- **Source data**
= Beginning of Section =
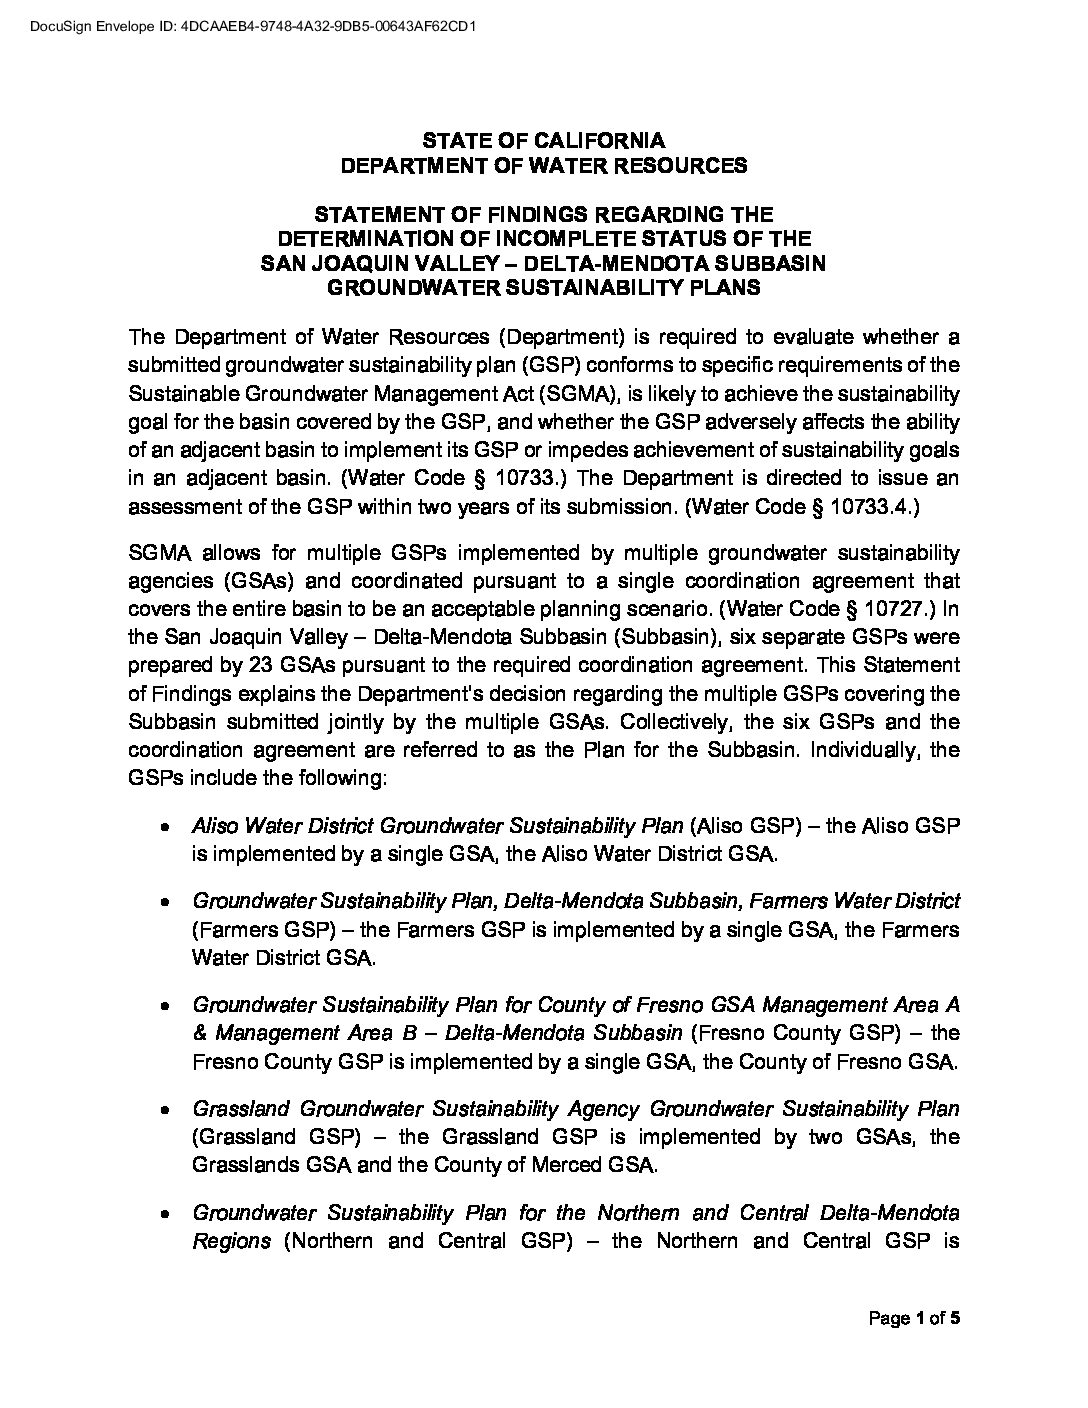 Statement of Findings regarding the Determination of Incomplete Status of the San Joaquin Valley – Delta-Mendota Subbasin Groundwater Sustainability Plans
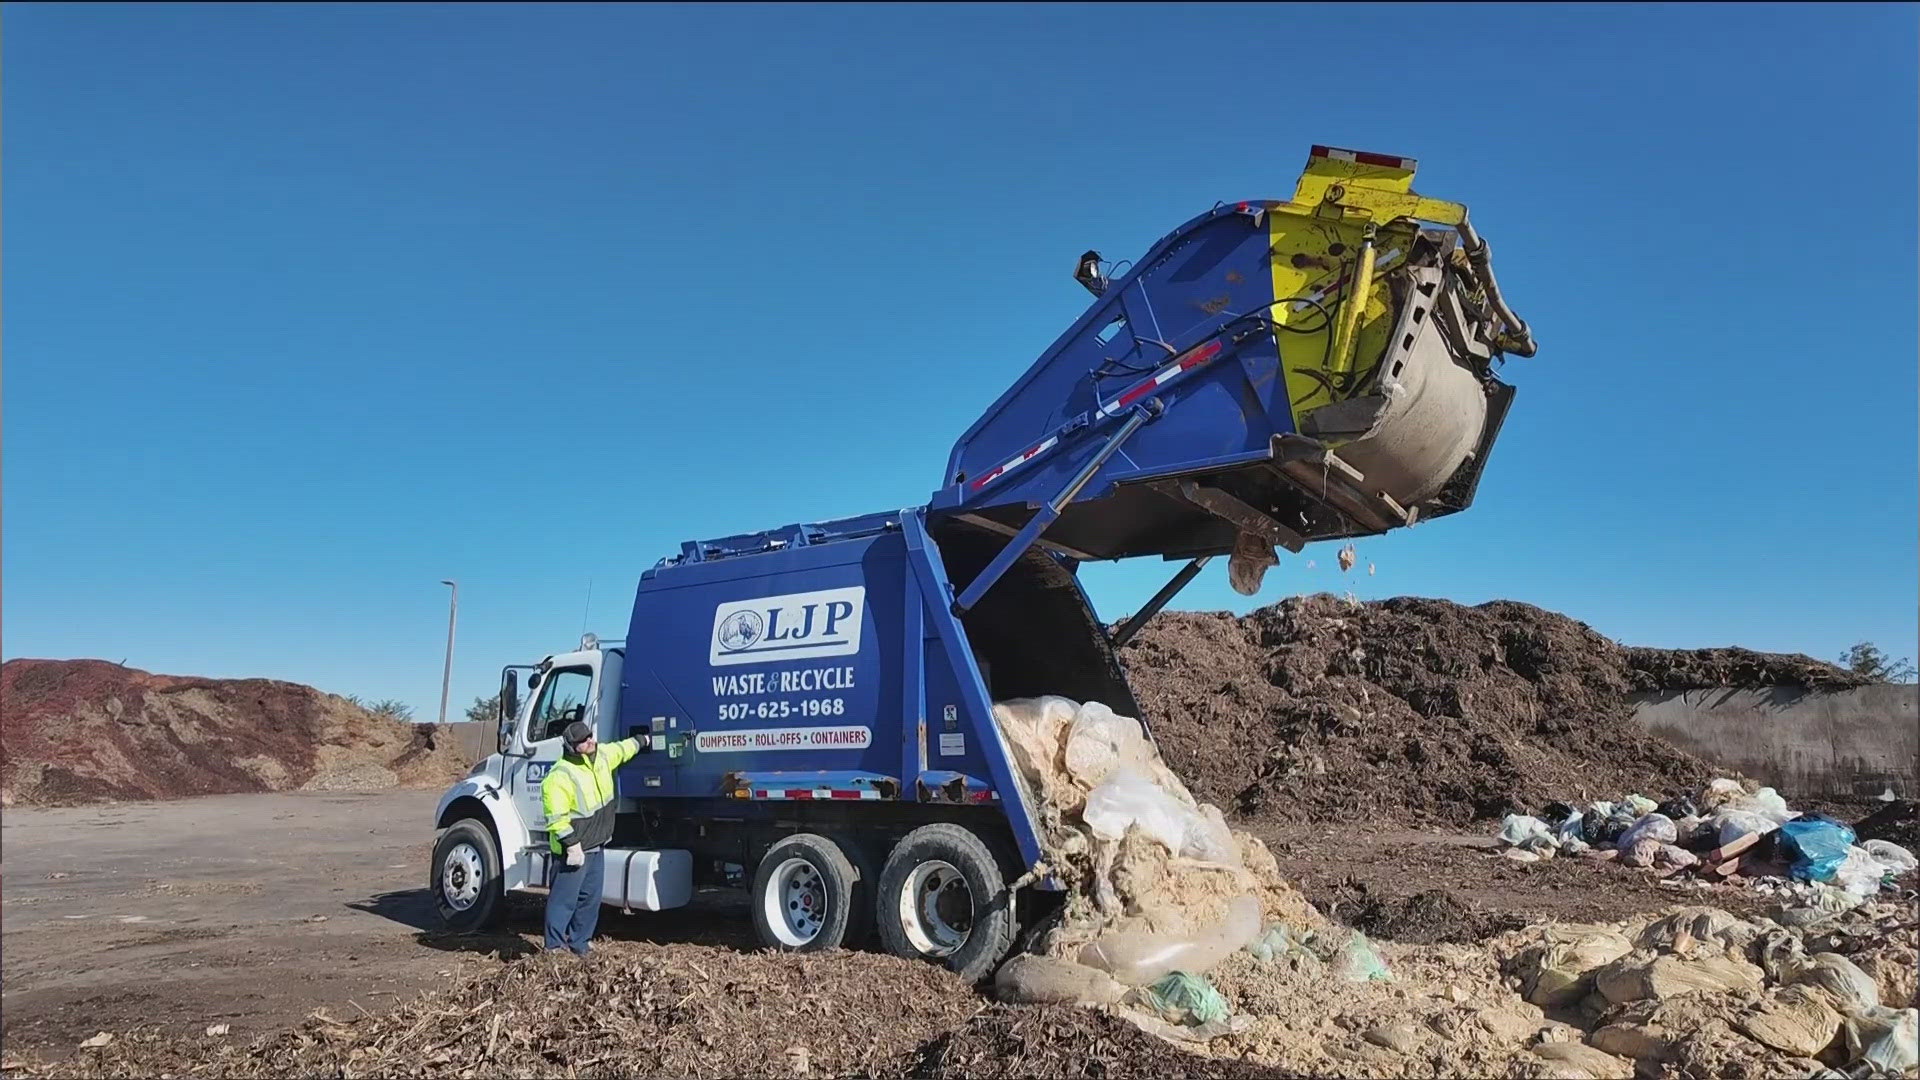 An expert says that a third of trash materials are compostable, and if residents composted their food scraps, the county could get closer to its recycling goals.
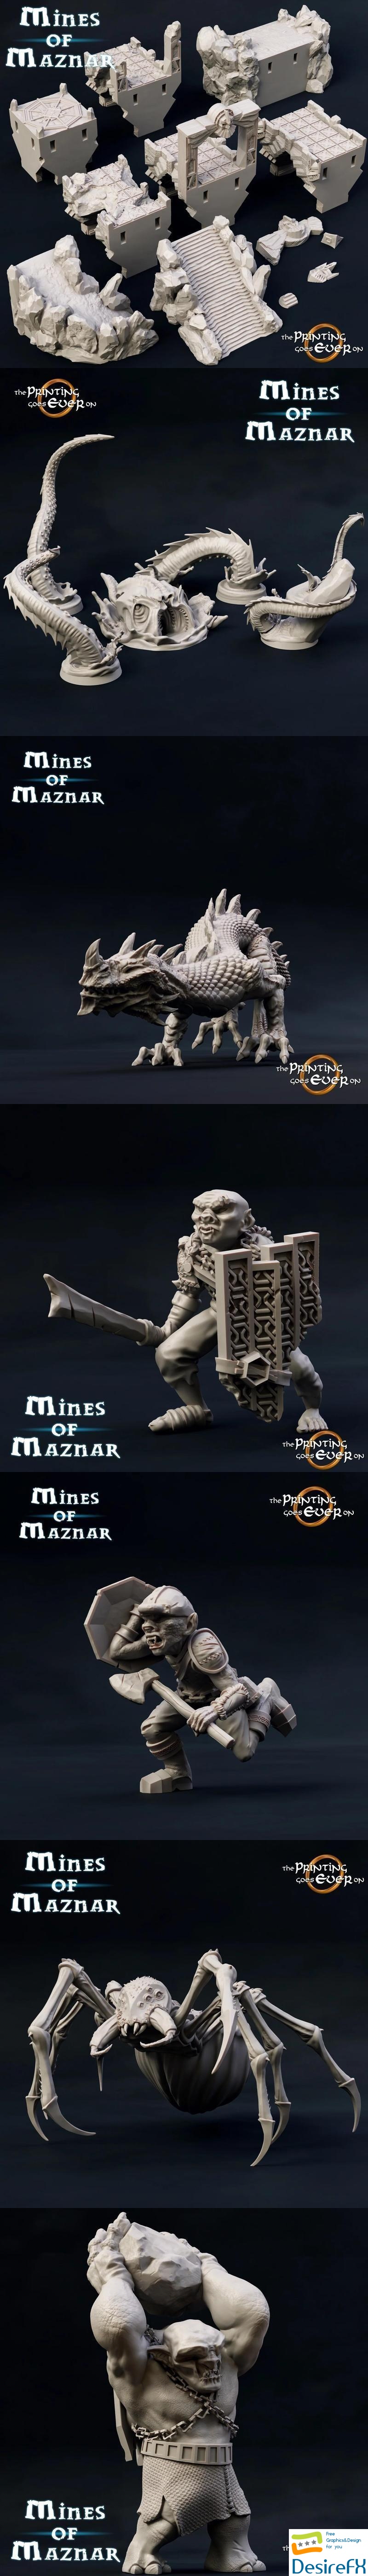 The Printing Goes Ever On - Mines of Maznar 3D Print
= End of Section =
- **Work to complete**
All of the material above should be set down again exactly, though not its pictures.

- **Response to this task**
 Statement of Findings regarding the Determination of Incomplete Status of the San Joaquin Valley – Delta-Mendota Subbasin Groundwater Sustainability Plans
 An expert says that a third of trash materials are compostable, and if residents composted their food scraps, the county could get closer to its recycling goals.
 The Printing Goes Ever On - Mines of Maznar 3D Print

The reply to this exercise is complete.